The 1964 law did not address a major concern of the civil rights movement—the right to vote in the South. That summer, a coalition of civil rights groups, including SNCC, CORE, and the NAACP, launched a voter registration drive in Mississippi. Hundreds of white college students from the North traveled to the state to take part in Freedom Summer. An outpouring of violence greeted the campaign, including thirty-five bombings and numerous beatings of civil rights workers. In June, three young activists—Michael Schwemer and Andrew Goodman, white students from the North, and James Chaney, a local black youth, were kidnapped by a group headed by a deputy sheriff and murdered near Philadelphia, Mississippi. Between 1961 and 1965, an estimated twenty-five black civil rights workers paid with their lives. But the deaths of the two white students focused unprecedented attention on Mississippi and on the apparent inability of the federal government to protect citizens seeking to enjoy their constitutional rights. (In June 2005, forty-one years after Freedom Summer, a Mississippi jury convicted a member of the Ku Klux Klan of manslaughter in the deaths of the three civil rights workers.)

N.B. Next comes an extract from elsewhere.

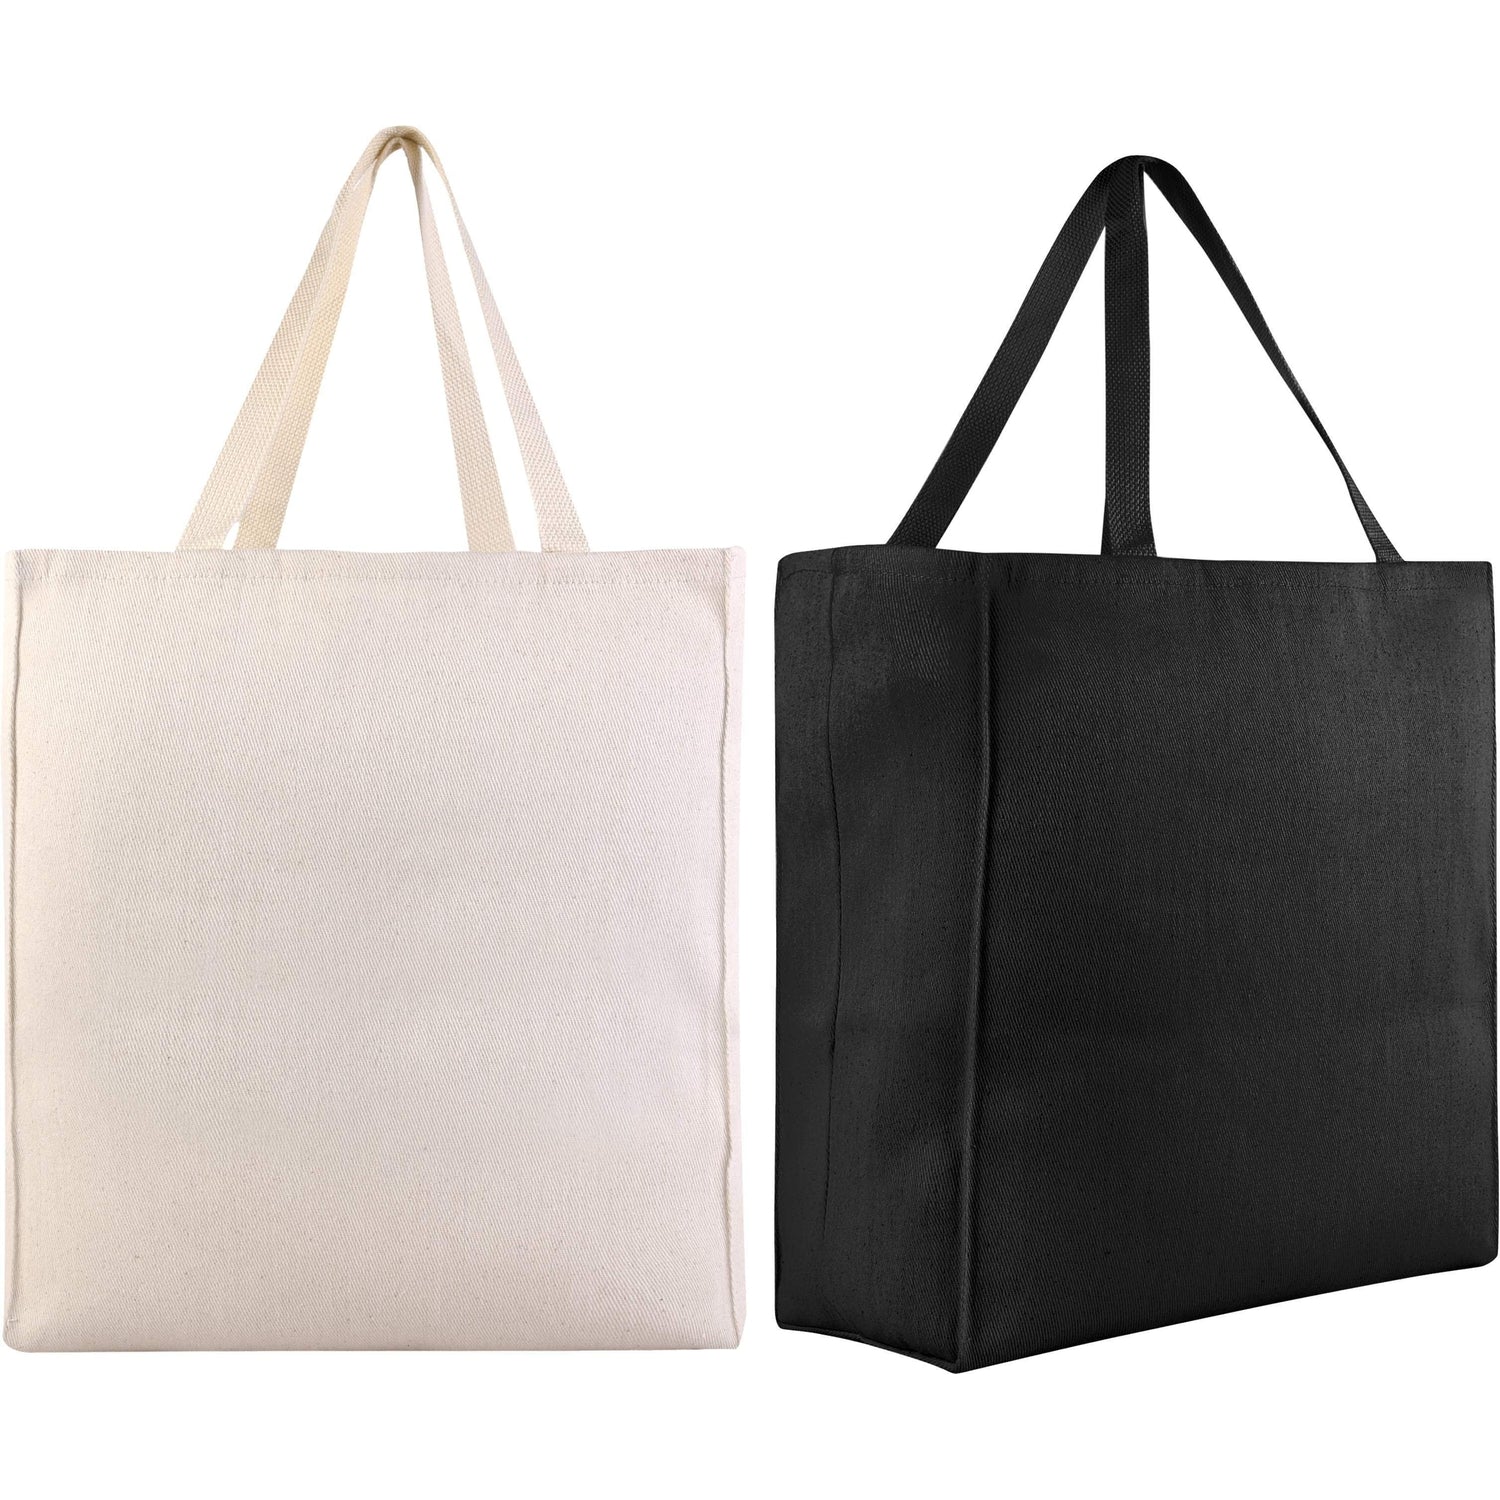 Reusable Shopping Bags | Cotton Twill Tote Bags & Grocery Bags in Bulk ...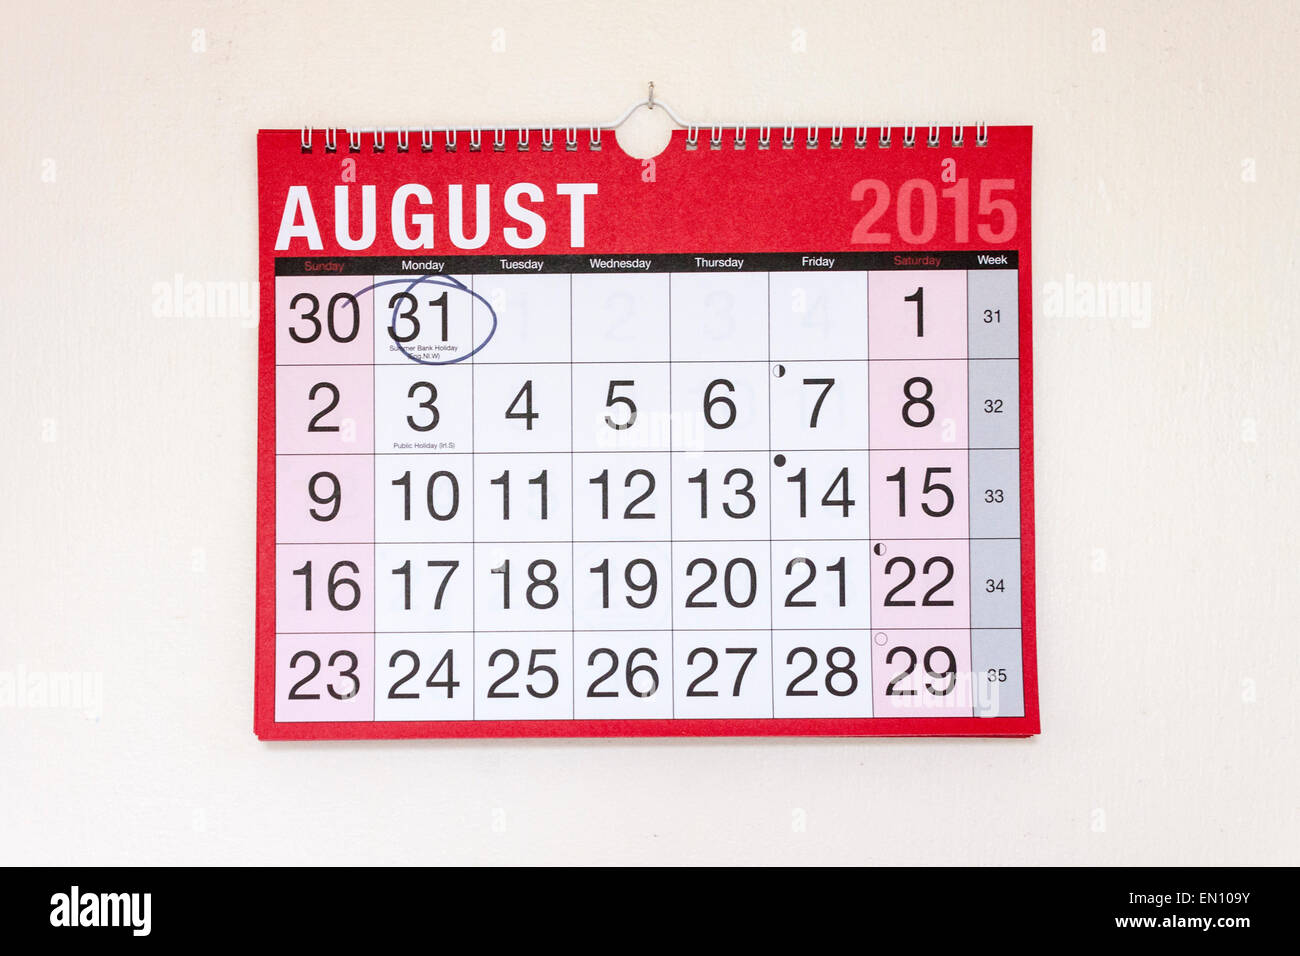 Monthly wall calendar August 2015, August Bank Holiday circled Stock Photo

Freedom Summer led directly to one of the most dramatic confrontations of the civil rights era—the campaign by the Mississippi Freedom Democratic Party (MFDP) to take the seats of the state’s all-white official party at the 1964 Democratic national convention in Atlantic City, New Jersey. With blacks unable to participate in the activities of the Democratic Party or register to vote, the civil rights movement in Mississippi had created the MFDP, open to all residents of the state. At televised hearings before the credentials committee, Fannie Lou Hamer of the MFDP held a national audience spellbound with her account of growing up in poverty in the Yazoo-Mississippi Delta and of the savage beatings she had endured at the hands of police. Like many other black activists, Hamer was a deeply religious person who believed that Christianity rested on the idea of freedom and that the movement had been divinely inspired. “Is this America,” she asked, “the land of the free and home of the brave, where... we [are] threatened daily because we want to live as decent human beings?” Johnson feared a southern walkout, as had happened at the 1948 party convention, if the MFDP were seated. Party liberals, including Johnson’s running mate, Hubert Humphrey, pressed for a compromise in which two black delegates would be granted seats. But the MFDP rejected the proposal.